Weekly rates for the final year apprentice were almost €580, and travelling allowance could bring weekly earnings to more than €600, he said. Working conditions had improved dramatically in the sector and there was now "a very strong emphasis" on health and safety. 

"Career guidance counsellors at second level would be well advised to highlight the advantages of apprenticeships. And the media should moderate their fixation with points and college places and give fairer coverage to the full range of careers available to school leavers," Mr Gilna said. 

An estimated 8pc of the 227,000 workers on building sites were foreign, said Hubert Fitzpatrick, director of the IHBA. 

For the first four months of 2005 the final number of those employed in construction was expected to rise further, in response to stronger than expected demand. Unlike the hotel and catering industry, there was no shortage of young Irish people willing to take up employment in construction, Liam Kelleher, director general of CIF, said. 

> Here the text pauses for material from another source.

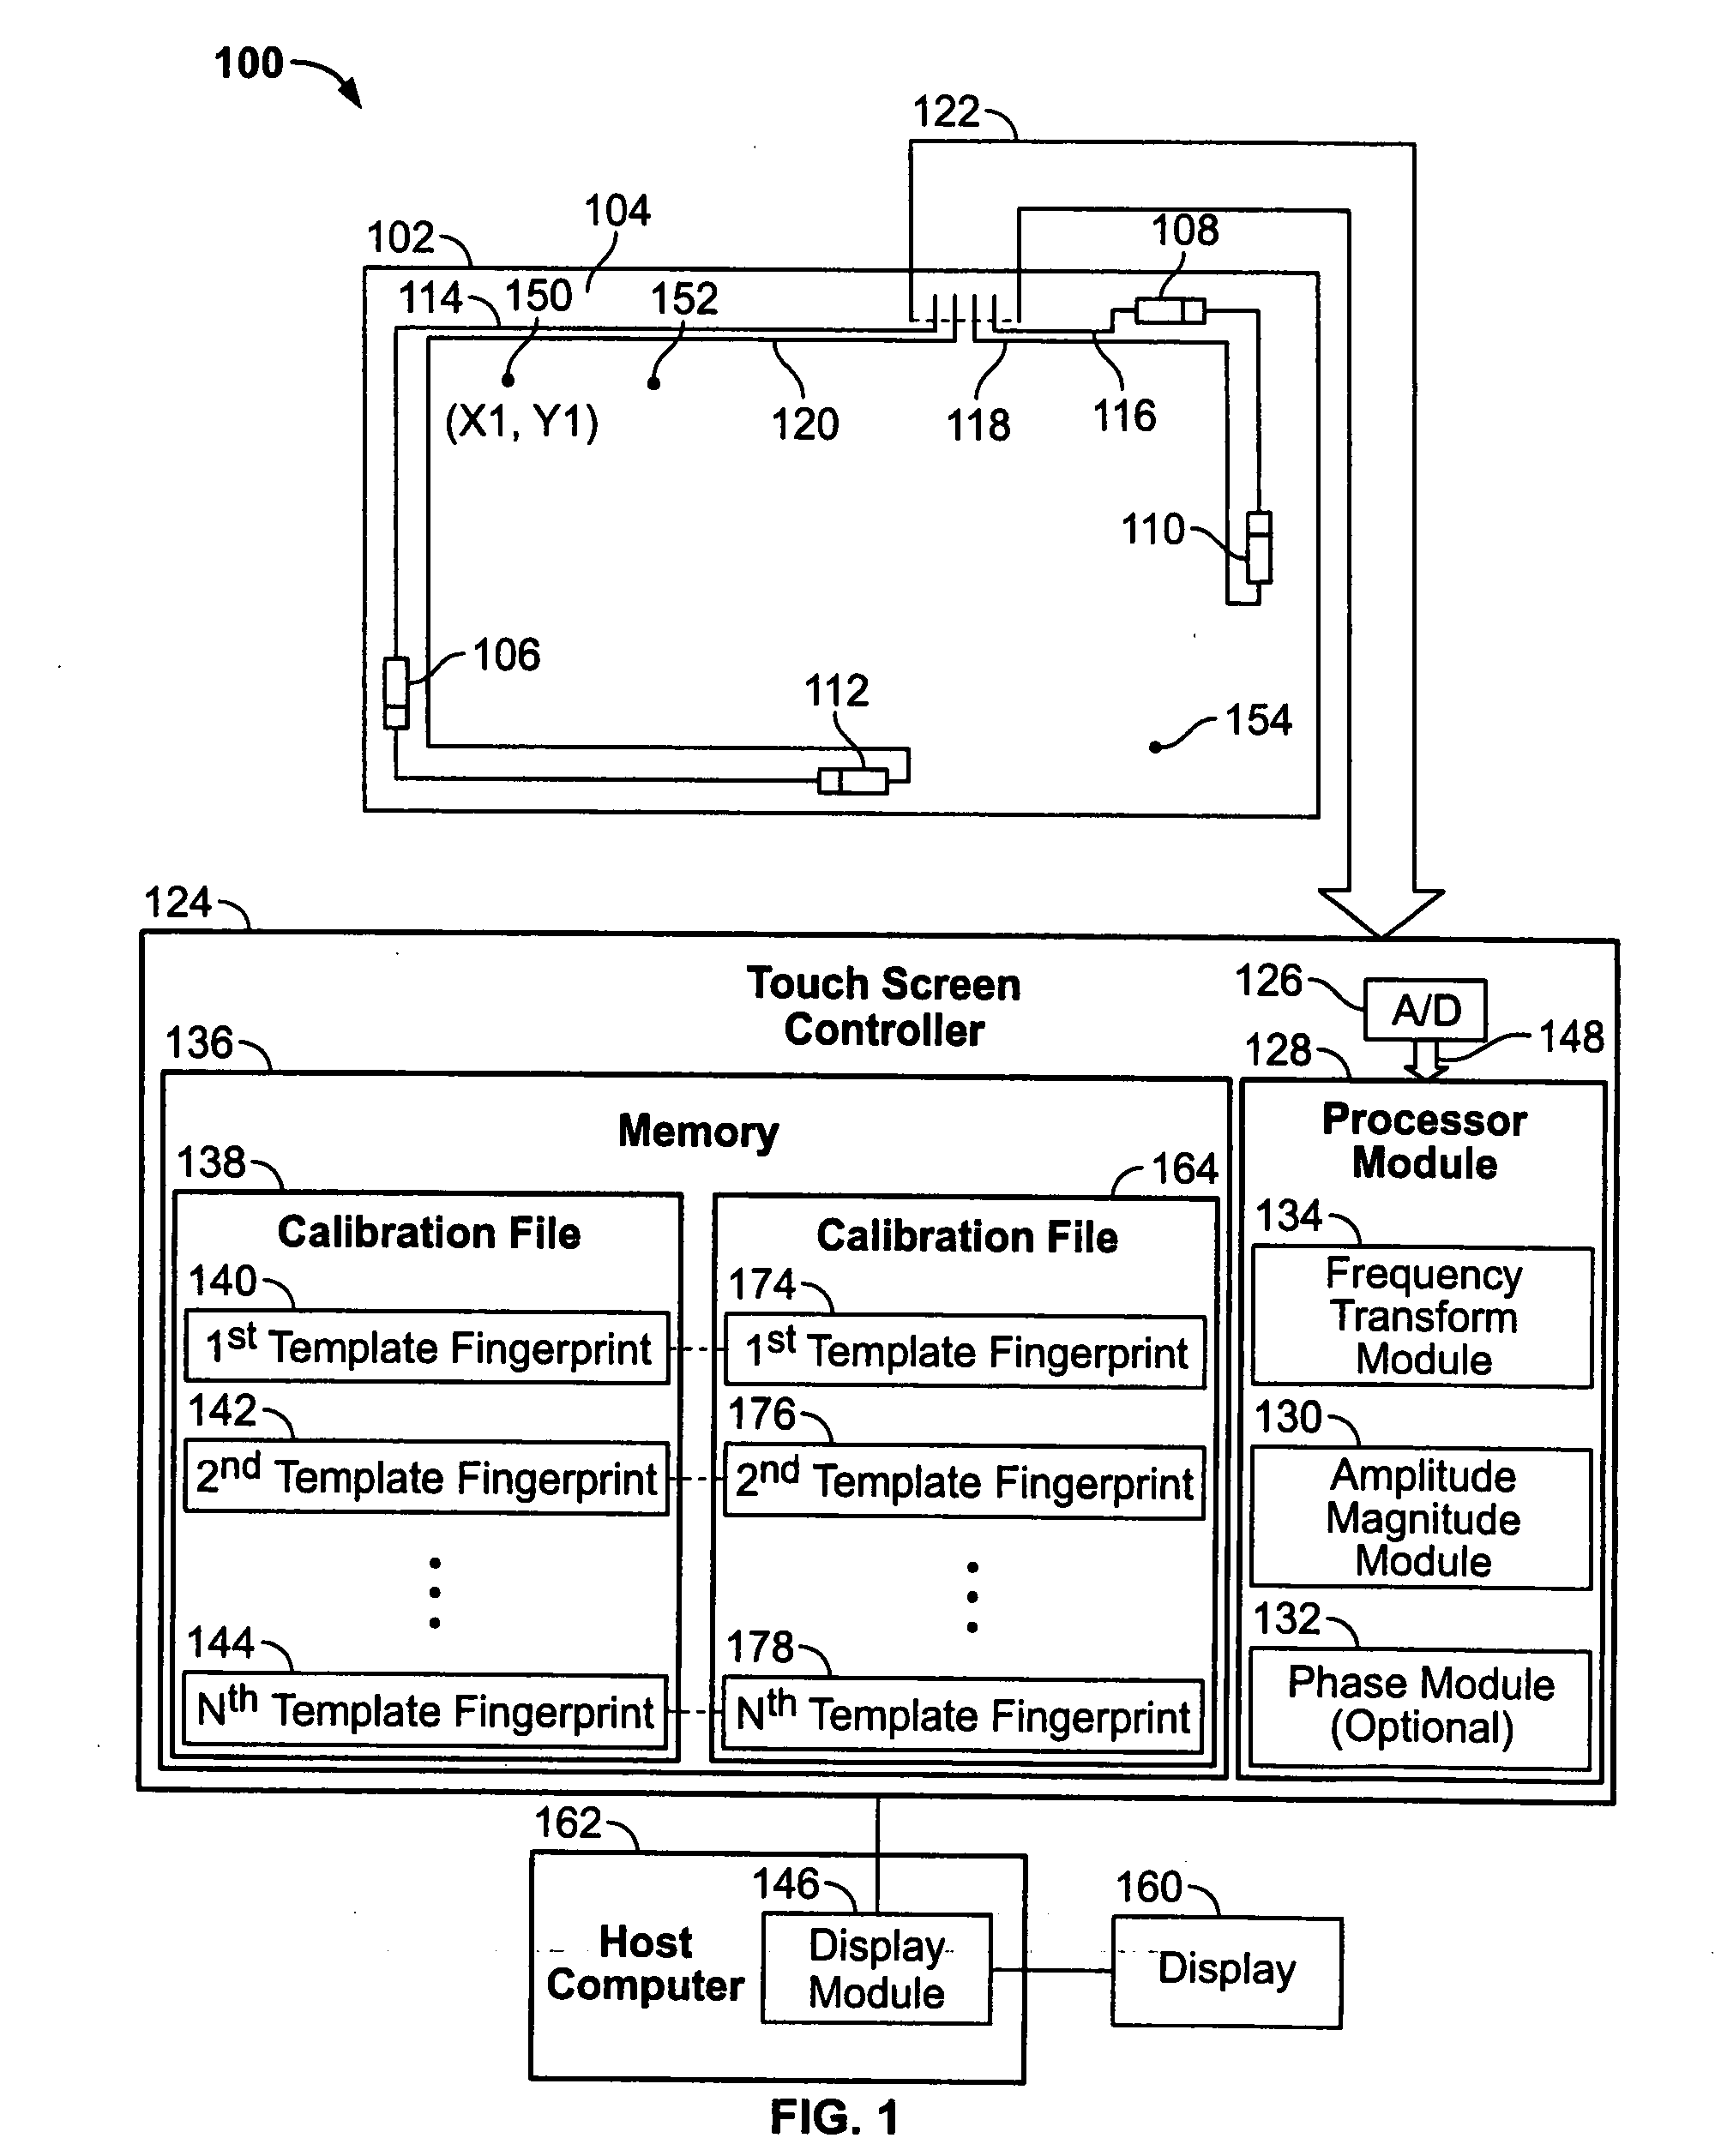 Method and system for detecting touch events based on magnitude ratios

"The construction industry is continuing to hold young Irish people - the money is good," Mr Kelleher said. "


----------



## Unregistered (9 May 2005)

I always wish I did a trade. 

Over the last two or three years, I've been renovating a house, which I've thoroughly enjoyed. This has included everything to laying a concrete floor to putting up shelves.

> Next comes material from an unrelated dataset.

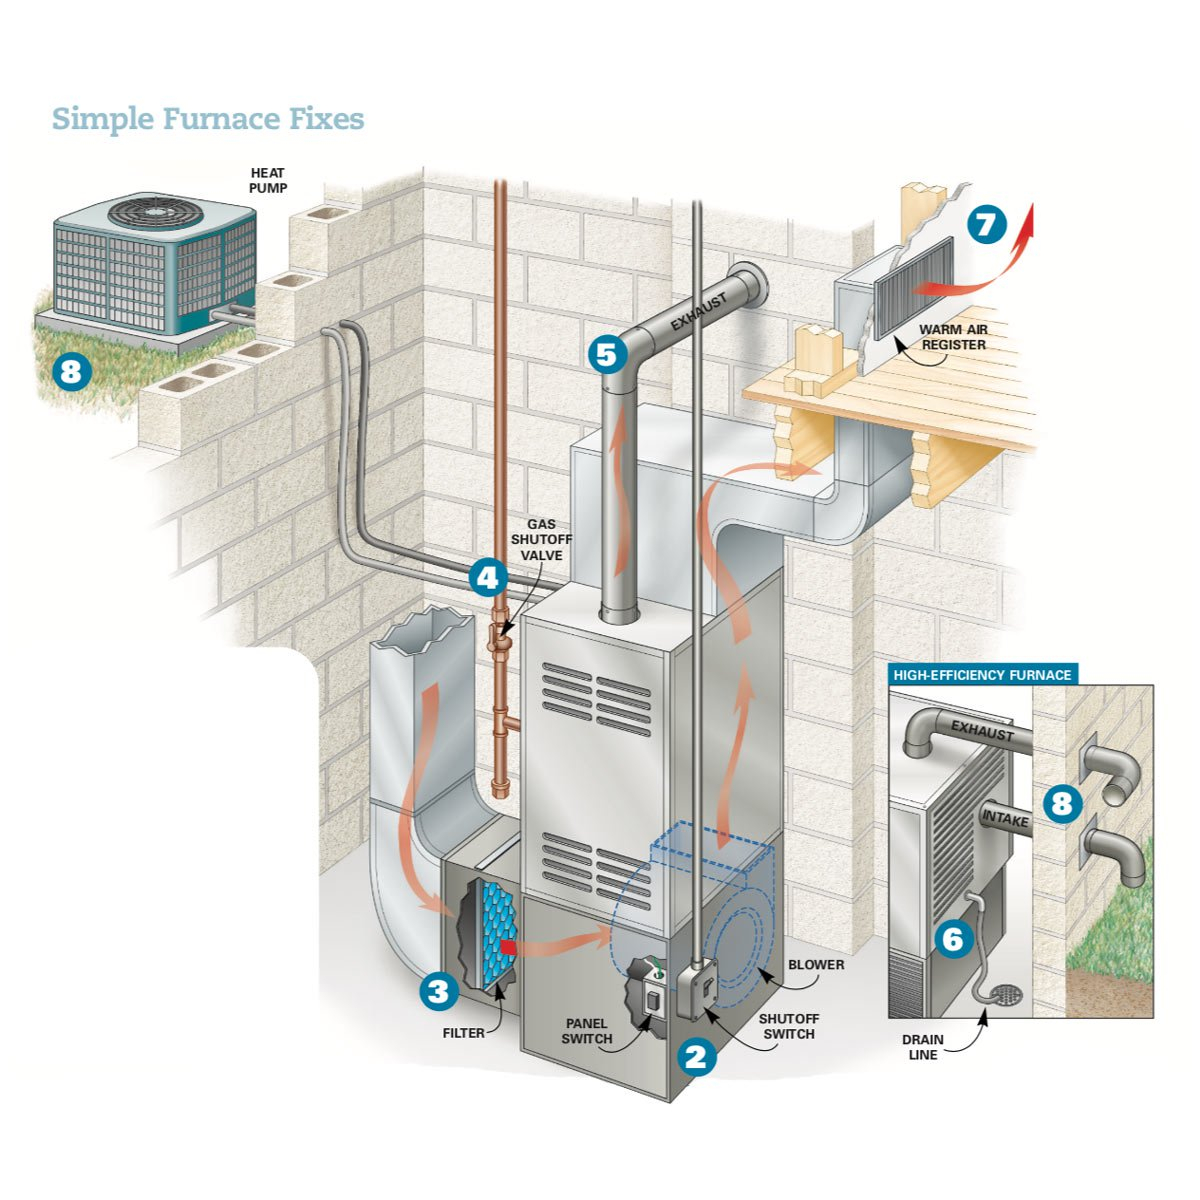 High Efficiency Furnace Venting Diagram Simple Furnace Fixes Family Handyman

I now hate working at a desk. I'm 33 at the moment, and am  considering a career change. I used to love computers, now I hate them.


----------



## extopia (9 May 2005)

Easy to spot the article was written by a white-collar guy, keeps mentioning the supposed low stress of building site life as opposed to bank clerking. What planet is he on?


----------



## Unregistered (9 May 2005)

yea waiting around for a load of concrete to arrive at 7pm on a December night before you can go home because job has to be finished. Building isn't about DIY programmes its about hard work, hard hands, long hours, heavy drinking.


----------



## Unregistered (10 May 2005)

> yea waiting around for a load of concrete to arrive at 7pm on a December night before you can go home because job has to be finished.



That would be luxury compared to my current position. I'd rather be waiting around at 7pm than slogging my stress-filled guts out struggling with a finnicky computer (and not getting home until 10:00pm)


----------



## Unregistered (10 May 2005)

Gosh this really is like the move to IT during the technology bubble !
Making a career change to construction doesn't seem like a good medium or long-term move. At least not according to the Central Bank:

Quote:
"The second warning concerns the construction sector. The bank says that at the moment this sector accounts for 12% of total employment in Ireland, but that this is about 50% higher than in most other developed countries.

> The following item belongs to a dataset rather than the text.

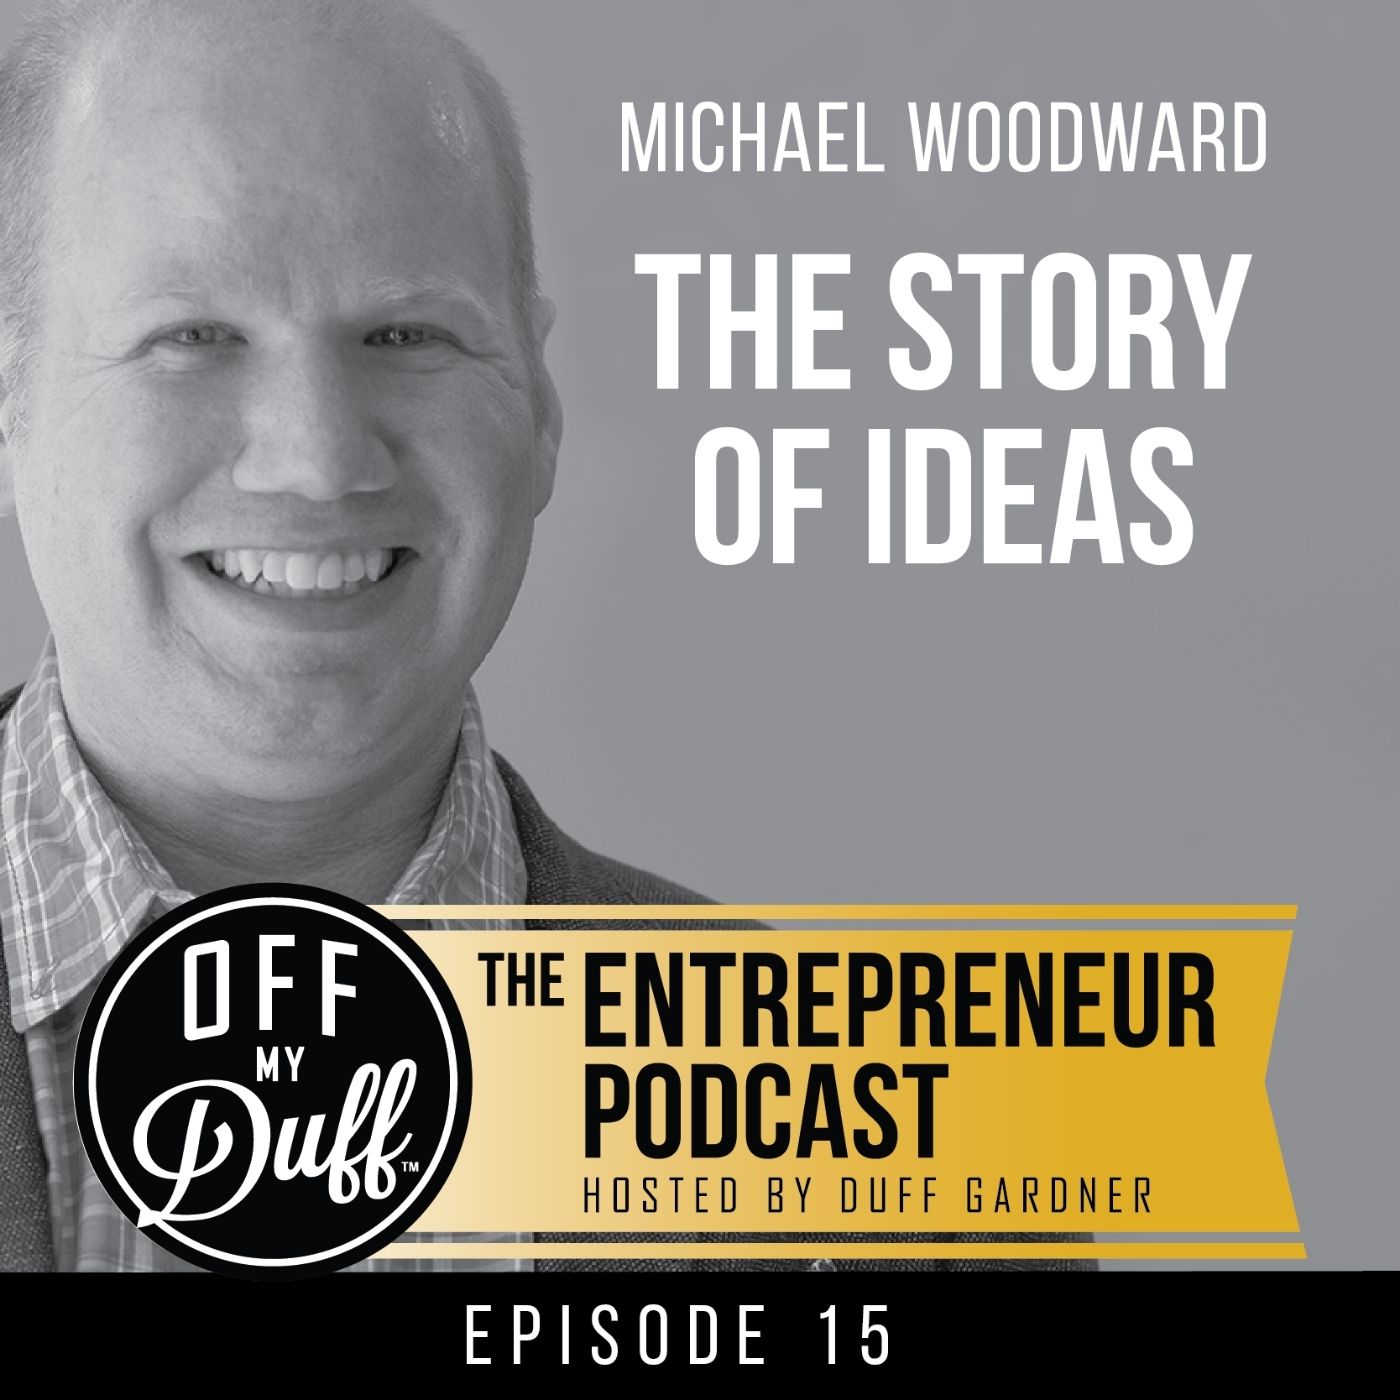 Michael Woodward - The Story of Ideas

The report says that at some point this proportion will inevitably be reduced, and it will require significant retraining efforts and the maintenance of a good business environment to absorb those workers elsewhere in the economy in the future"

http://www.rte.ie/business/2005/0504/economy.html


----------



## Unregistered (10 May 2005)

Building stressful? - give me a break!


----------



## Gabriel (10 May 2005)

Unregistered said:
			
		

> Building stressful? - give me a break!



Have you ever worked as a builder? How would you know how stressful the job may or may not be?

Every job has different types of stress. Stress is all relative. As a lowly paid junior accountant, I'm sure you can be just as 'stressed' in your job as a high flying senior executive.
Stress is something you create yourself.


----------



## extopia (10 May 2005)

You can die on a building site. Much riskier than a desk job.


----------



## Bob (10 May 2005)

> You can die on a building site. Much riskier than a desk job.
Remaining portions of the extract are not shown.